А песни дядька любил больше не туристские - бардовские, а из тогдашнего, шестидесятых и ранее годов, репертуара всесоюзного радио. Не знаю, может у радио и учился петь. 
Ой ты, рожь, Куда ведешь тропинка милая, Тополя. Справа кудри тополя, слева кузнеца. Белым снегом. Лицо у него было серьезное, спокойное и чуточку-чуточку лирическое. Куда он уплывал в этих песнях? В те камчатские сопки, по которым бродил мальчишкой и юношей? Вместе с отцом - моим дедом, которого я не знала, который был охотником. Может и рыболовом,. Только в тех краях удочкой рыбу и не ловят небось. А дядька, по всей своей сноровке и умениям, был человеком лесным, хотя большую часть жизни прожил и проработал в городе. 

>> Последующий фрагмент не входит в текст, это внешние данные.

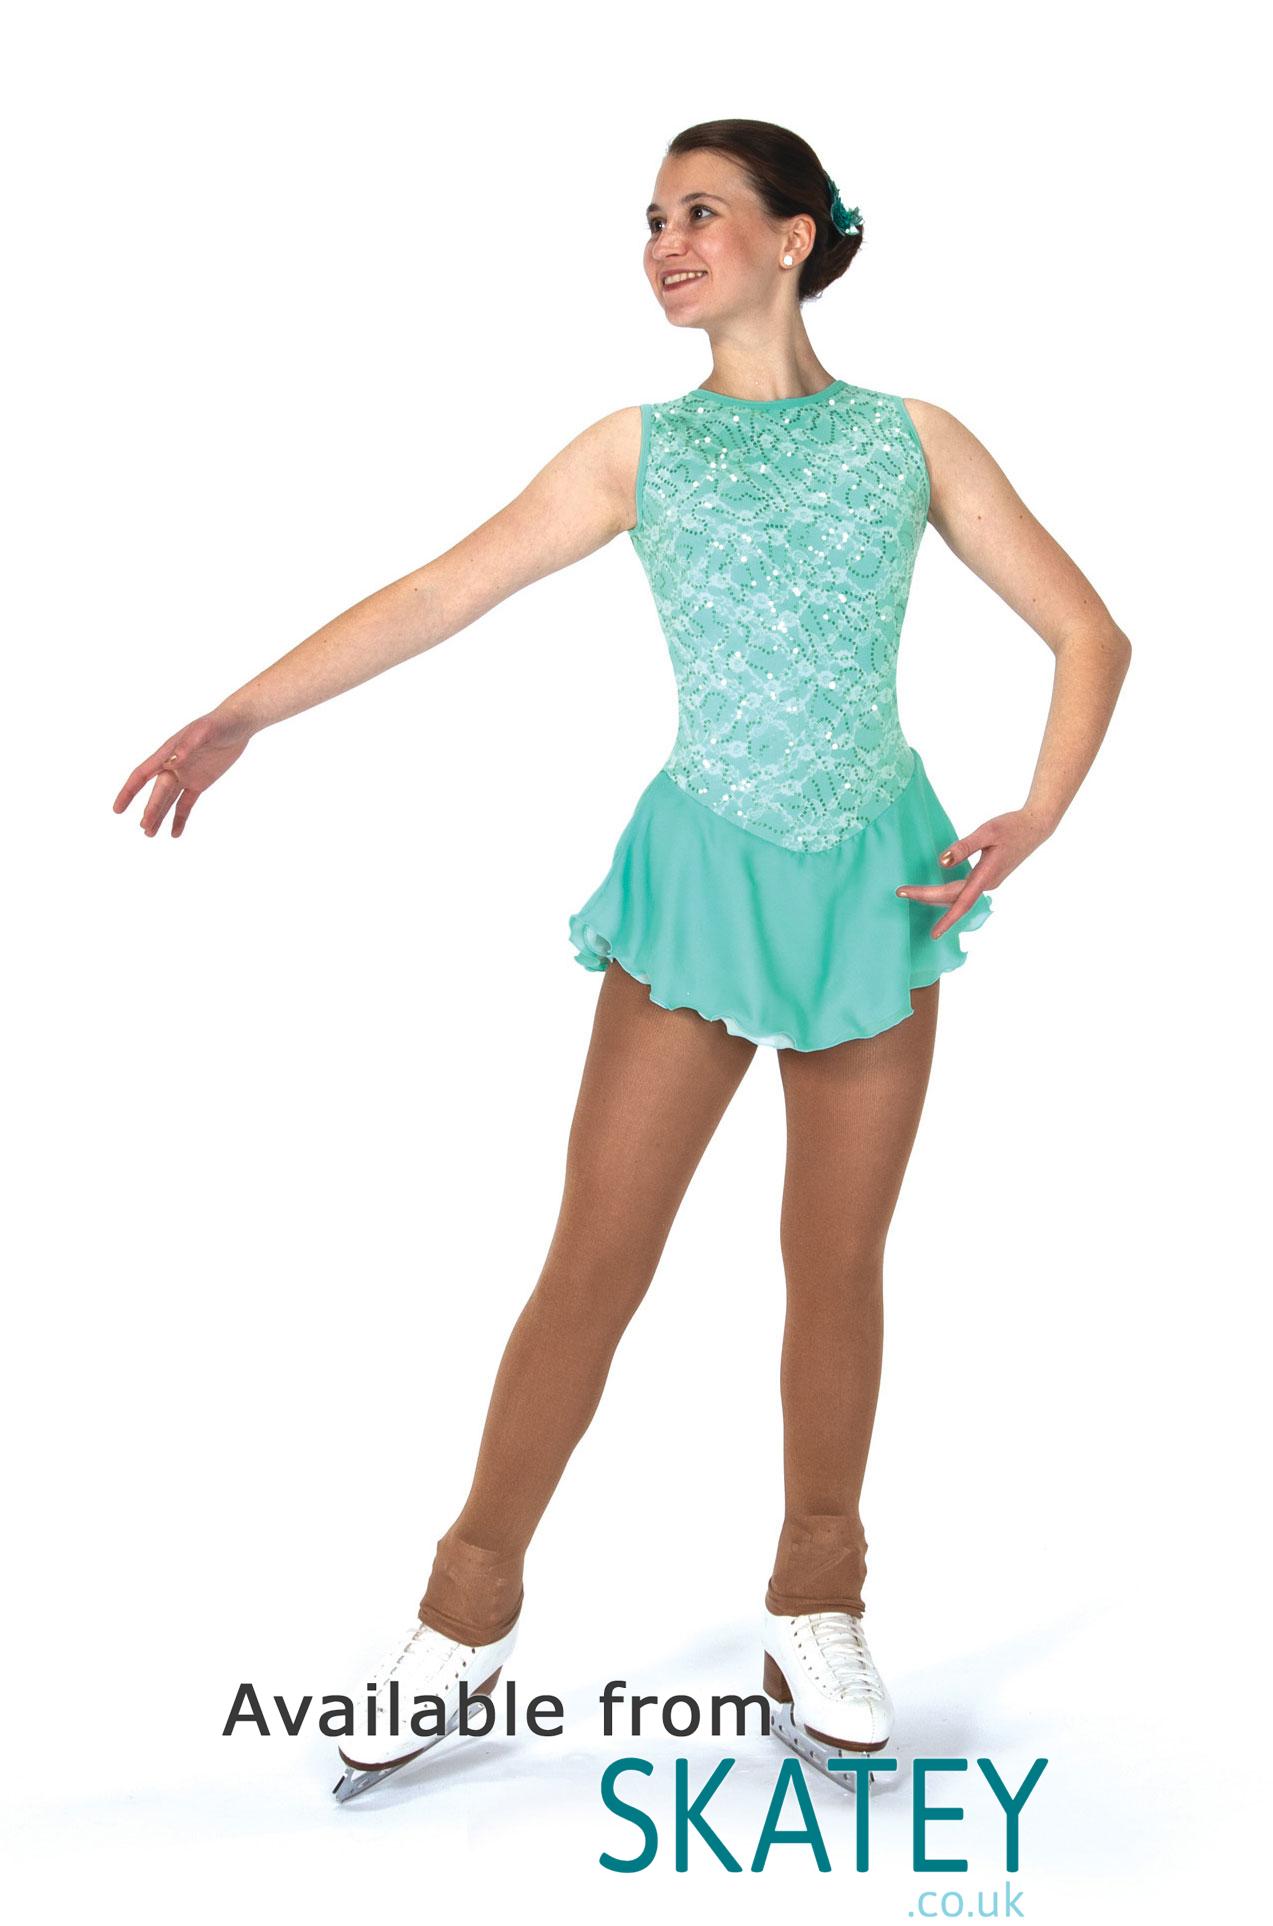 Mint Julep Ice Skating Dress From Skatey co uk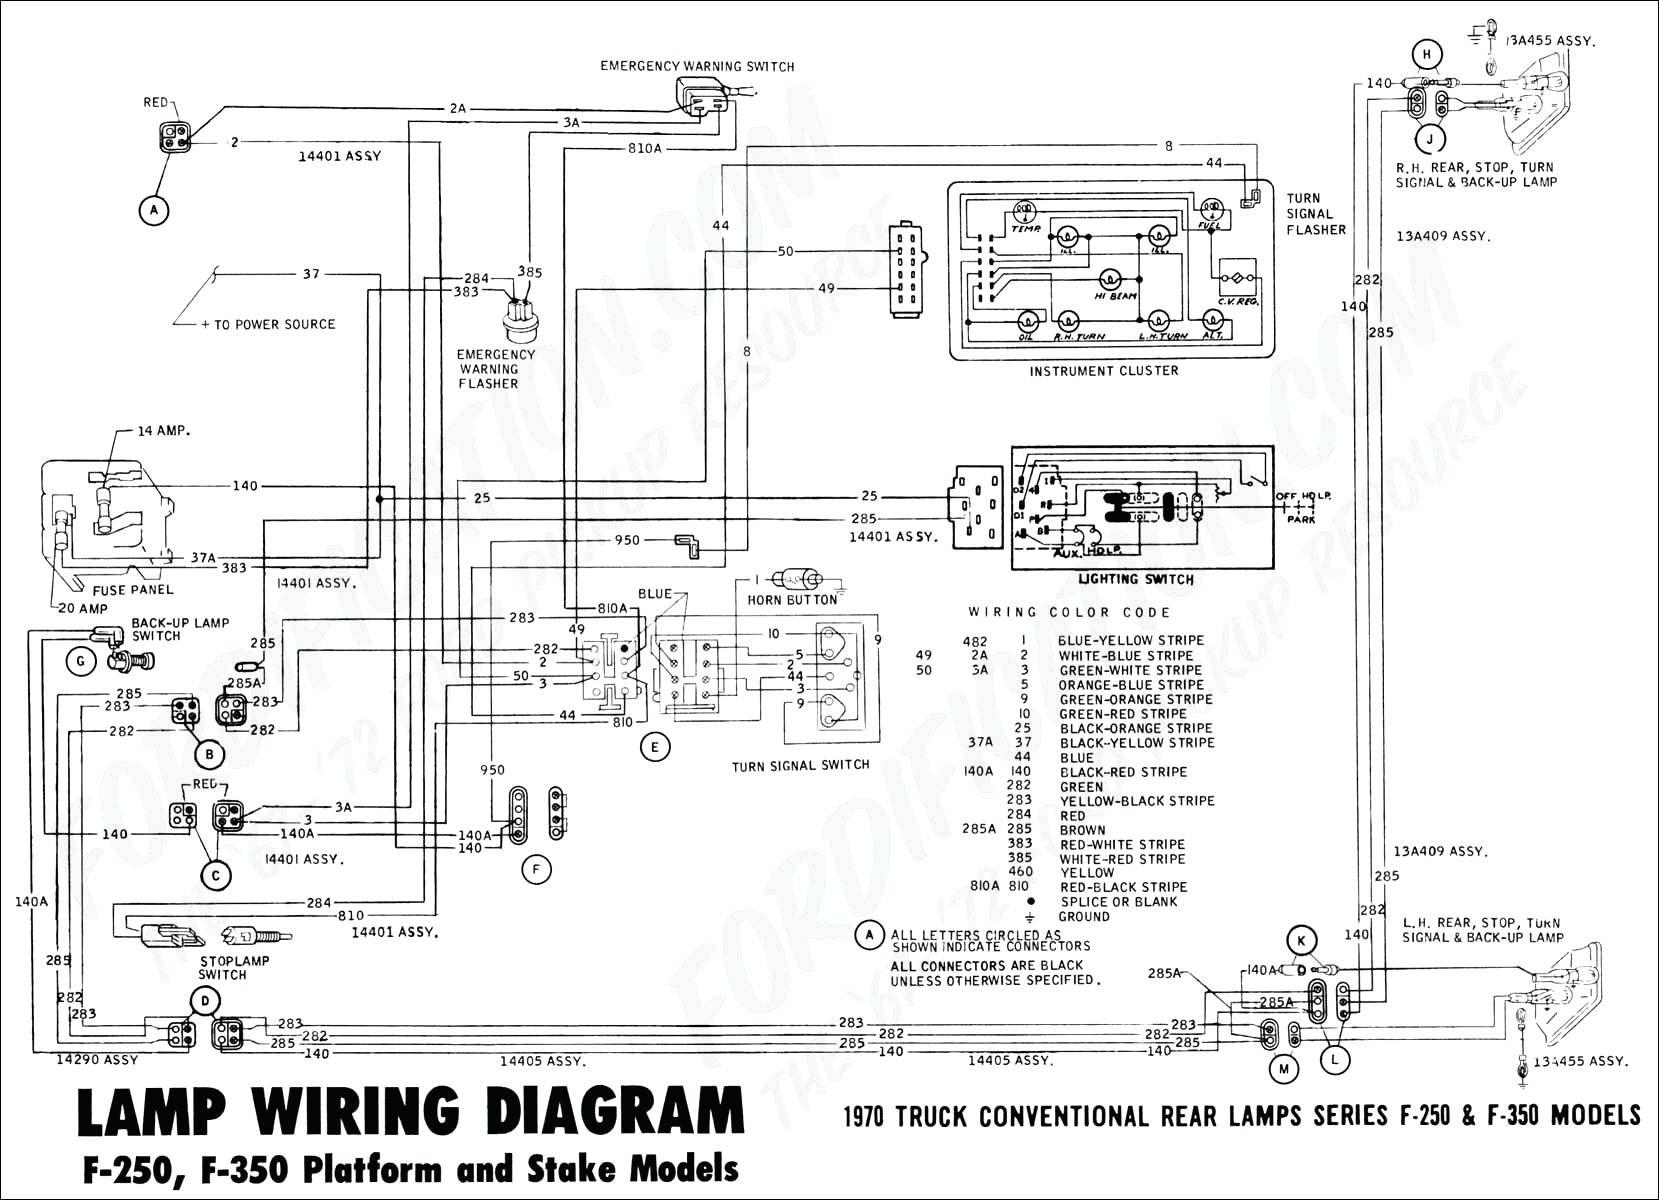 05 chevy truck tail light bedradings schema

Его внуки слушают и поют другие песни. Да и я, грешным делом, всех слов у дядькиных песен не вспомню. В мой день рождения с дачными подружками мы пару романсов проскрипели. Из своего, вроде как, привычного репертуара - ни в мать, ни в отца, ни в мировую революцию.
А наши то в застольях много чего вытягивали! И слов и мелодий не перевирали!
Поди-ка, вспомни, да спой эту самую незамысловатую рожь?